EXERCISE DIRECTIONS –
Repeat exactly the stretch of lines that starts with the one containing "No error list" and ends with the last line of the material. Leave out pictures.

EXTRACTED DATA –

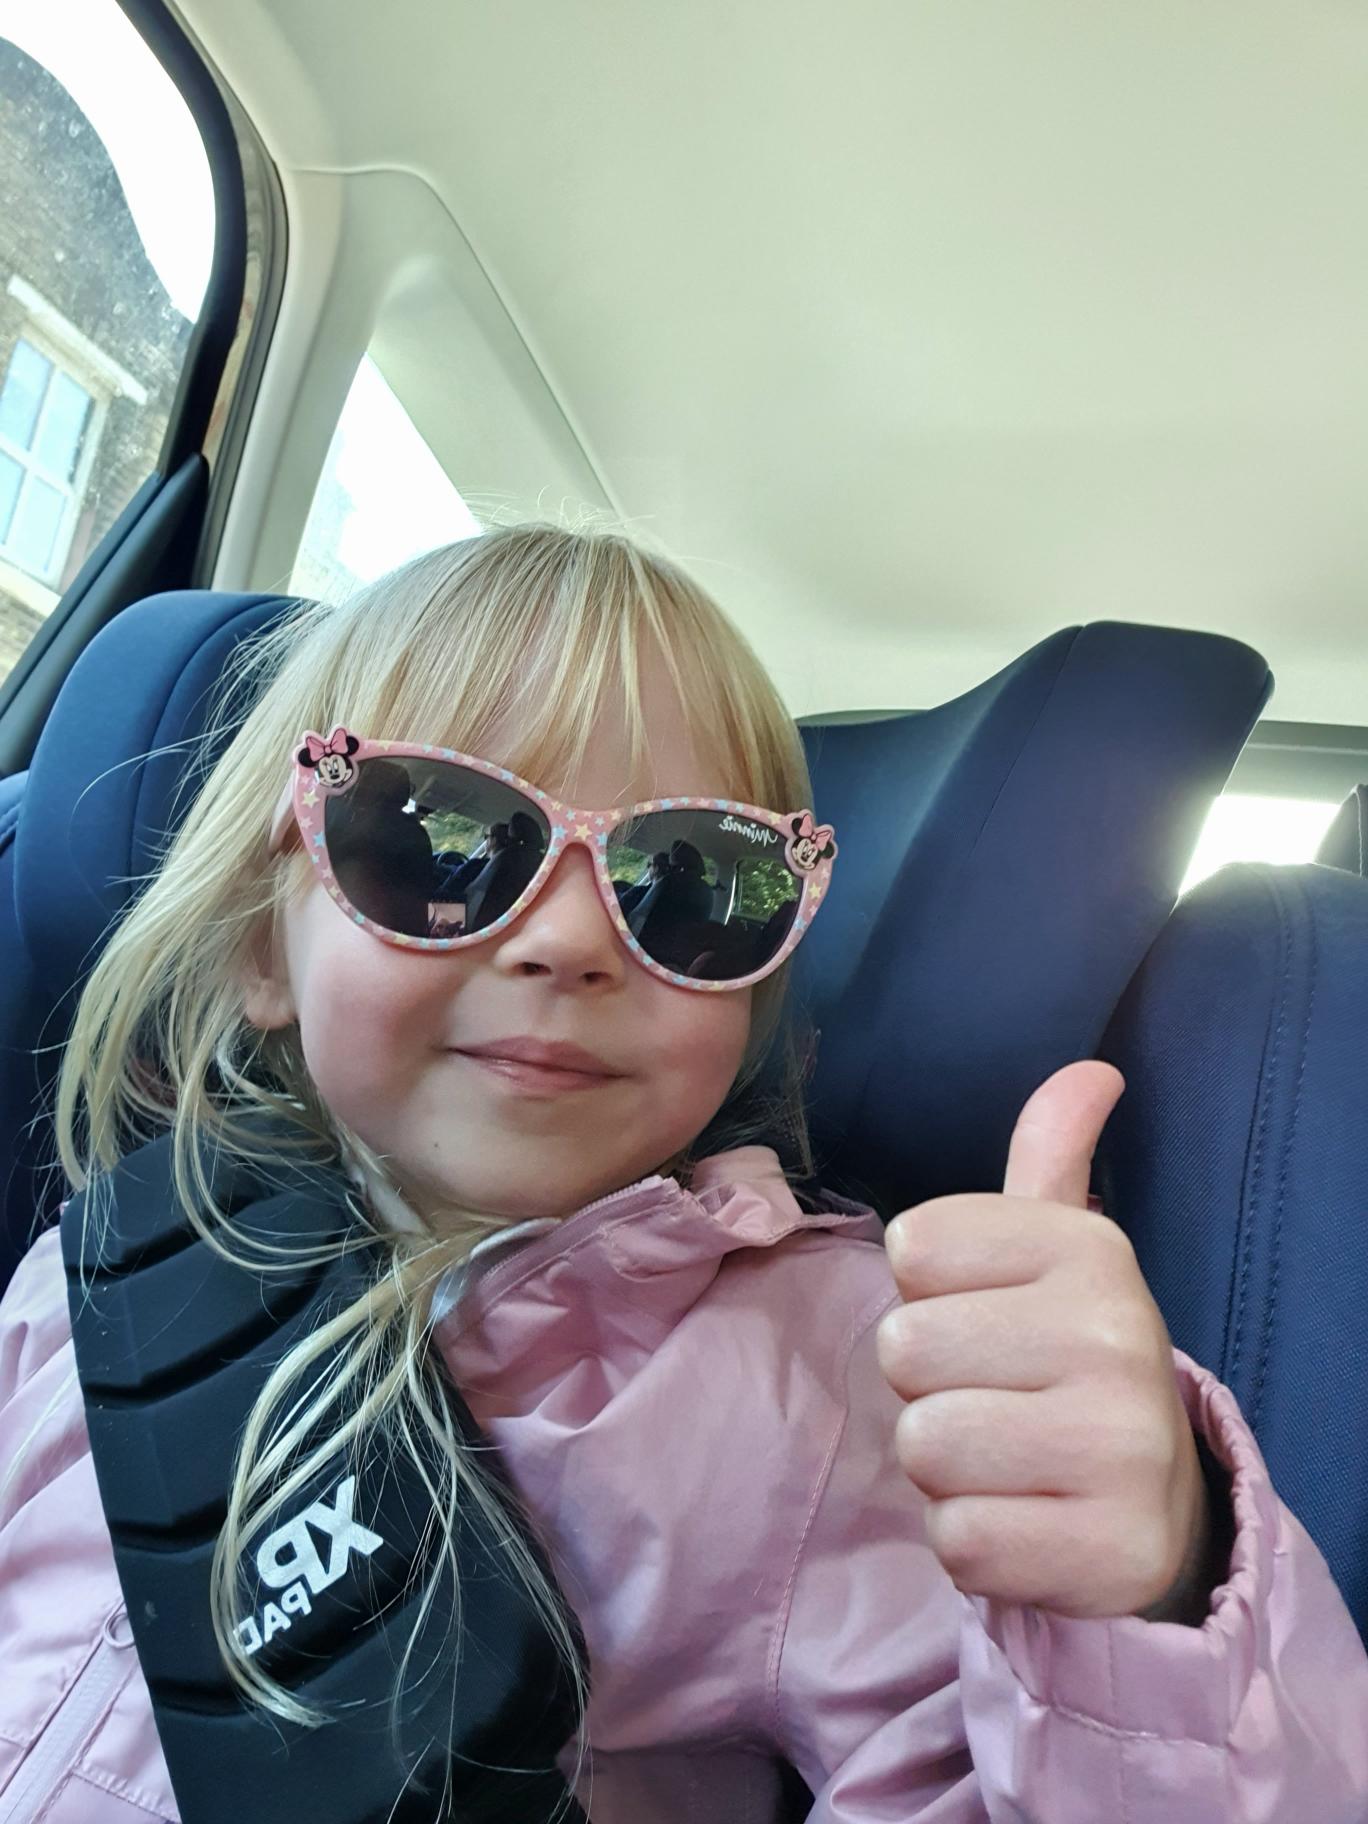 Blonde chid wearing sunglasses, sat in the seat of a car with thumbs up, smiling at the camera
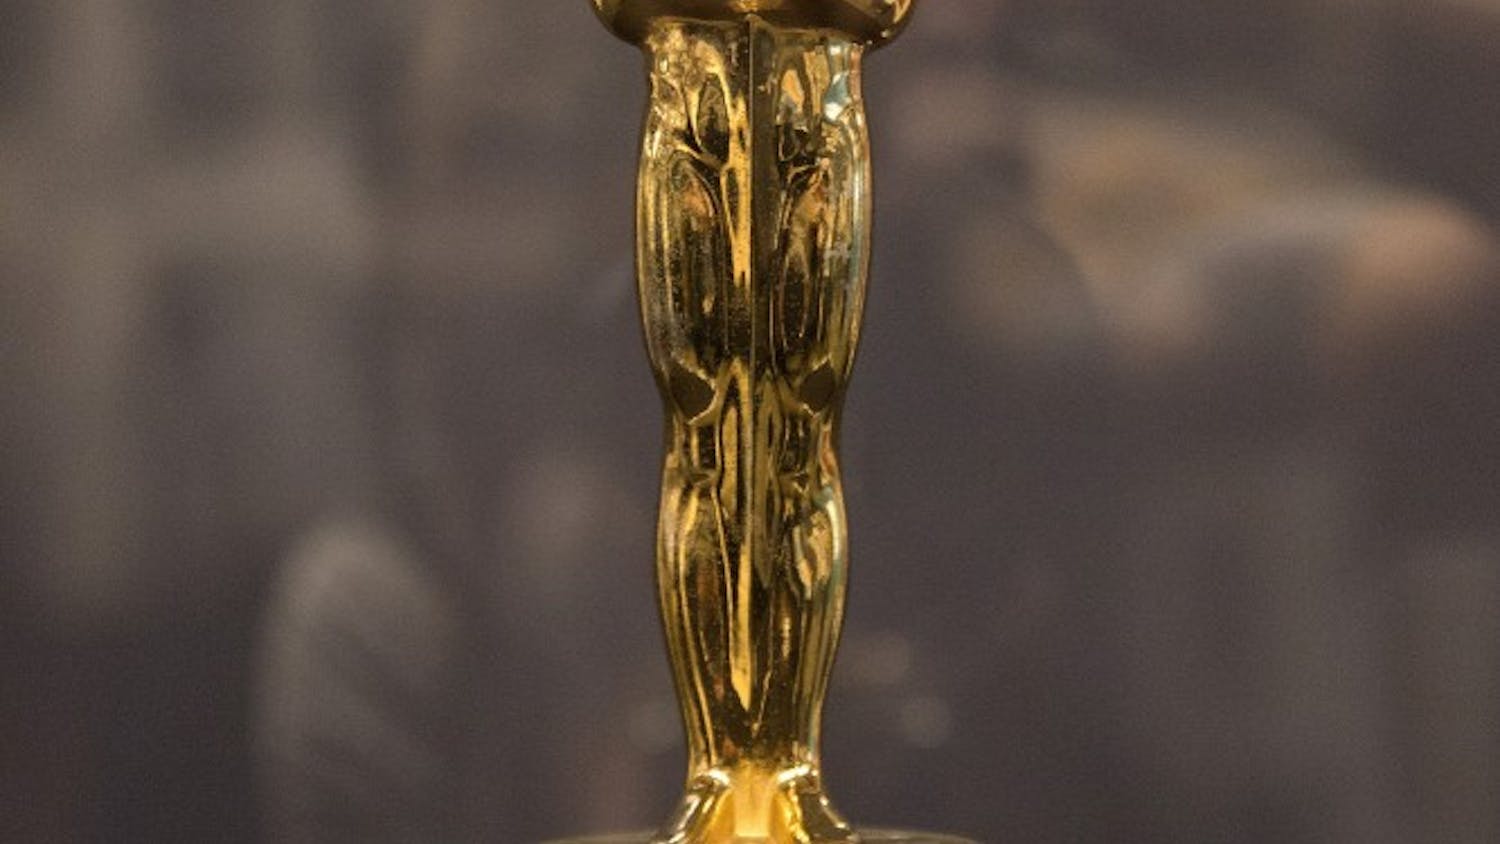 An Academy Award given to Charles Brackett, Billy Wilder and D.M. Marshman Jr. for "Best Writing, Story and Screenplay" for "Sunset Boulevard" is on display at the  "Light & Noir: Exiles and Emigres in Hollywood, 1933-1950" exhibit at the Illinois Holocaust Museum Tuesday, Oct. 6, 2015 in Skokie, Ill. (Erin Hooley/Chicago Tribune/TNS) 
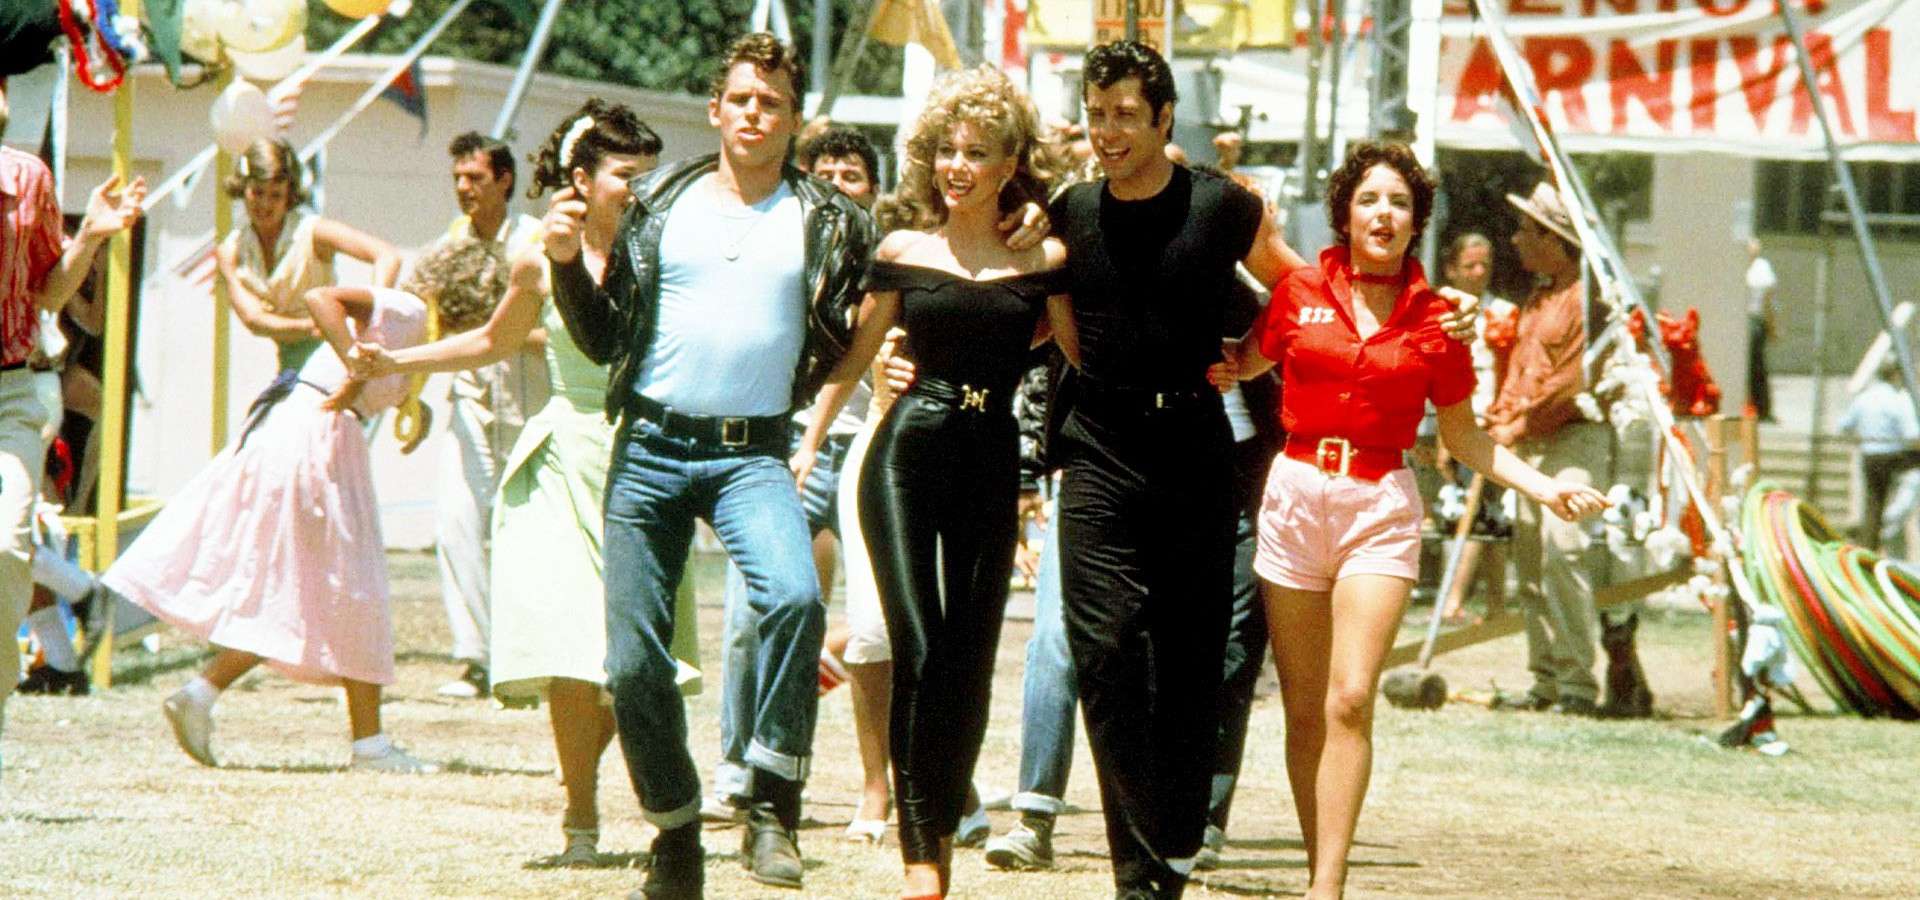 45 thoughts we had while watching Grease
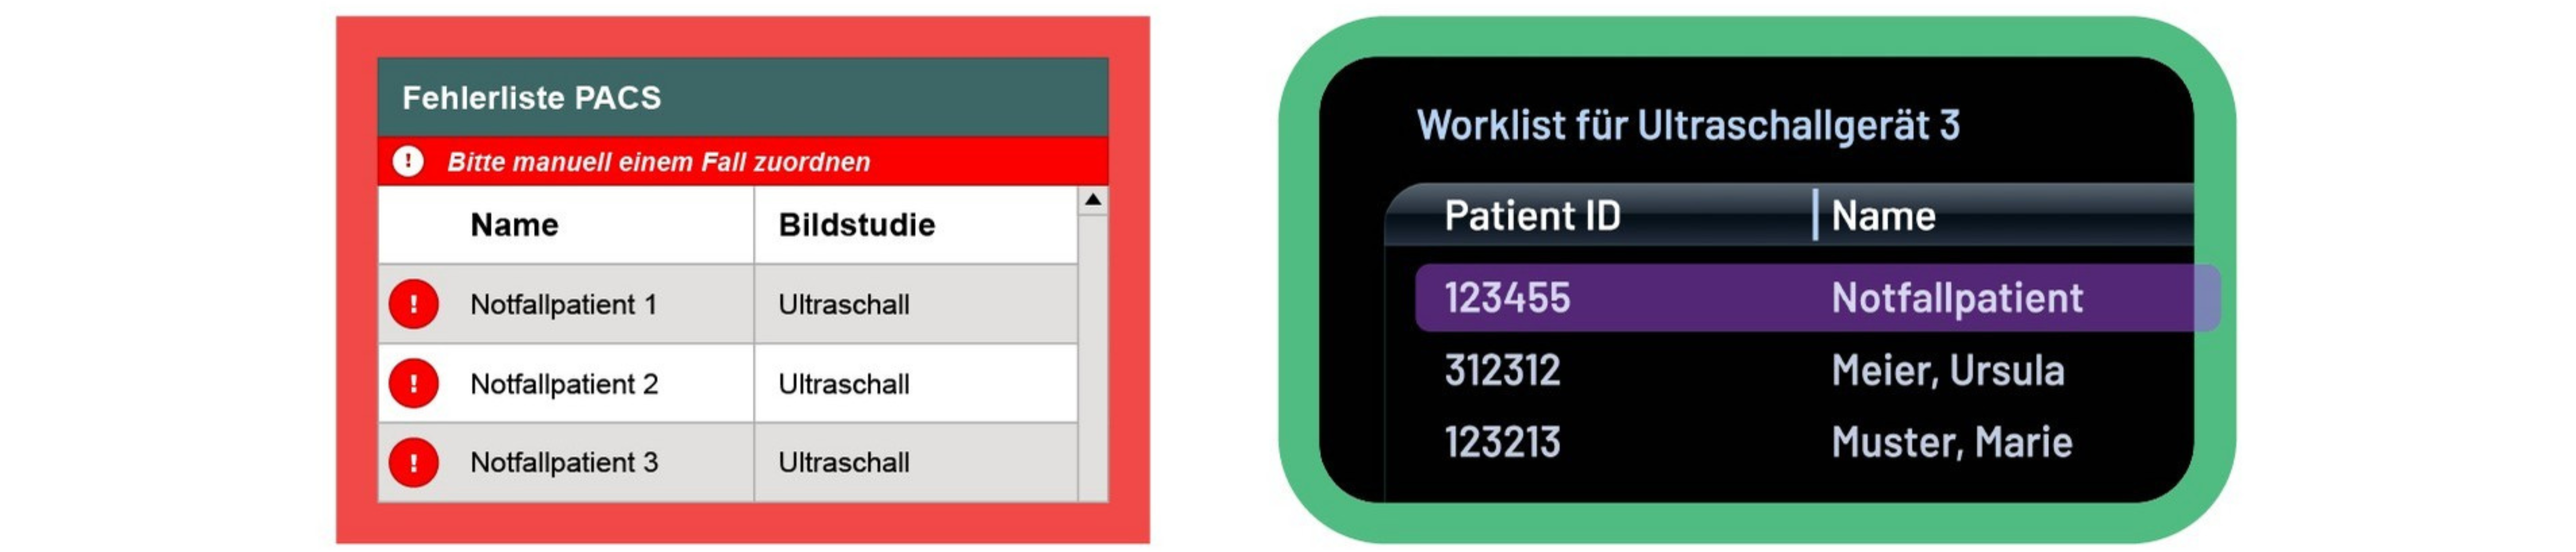 No error list anymore in the PACS for. Add emergency patients ad-hoc to a worklist.
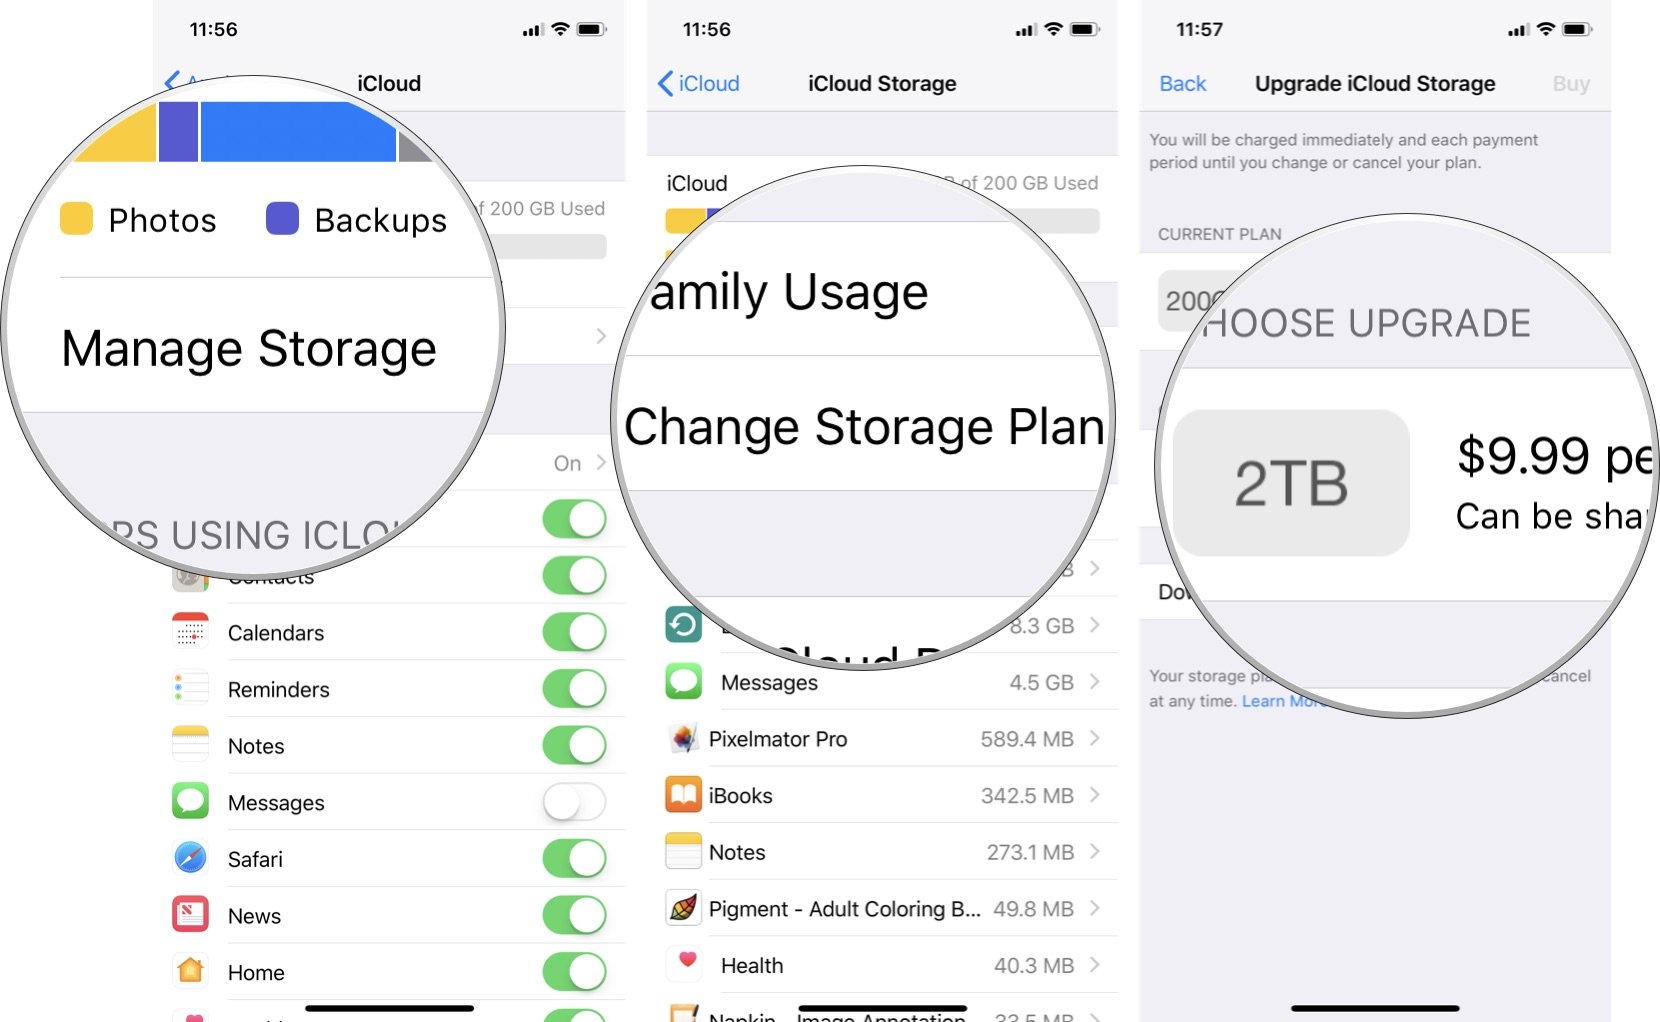 How to buy more iCloud storage on iPhone and iPad by showing steps: Tap Manage Storage, tap Change Storage Plan, tap on an available plan

ANSWER SPACE –
 No error list anymore in the PACS for. Add emergency patients ad-hoc to a worklist.
 How to buy more iCloud storage on iPhone and iPad by showing steps: Tap Manage Storage, tap Change Storage Plan, tap on an available plan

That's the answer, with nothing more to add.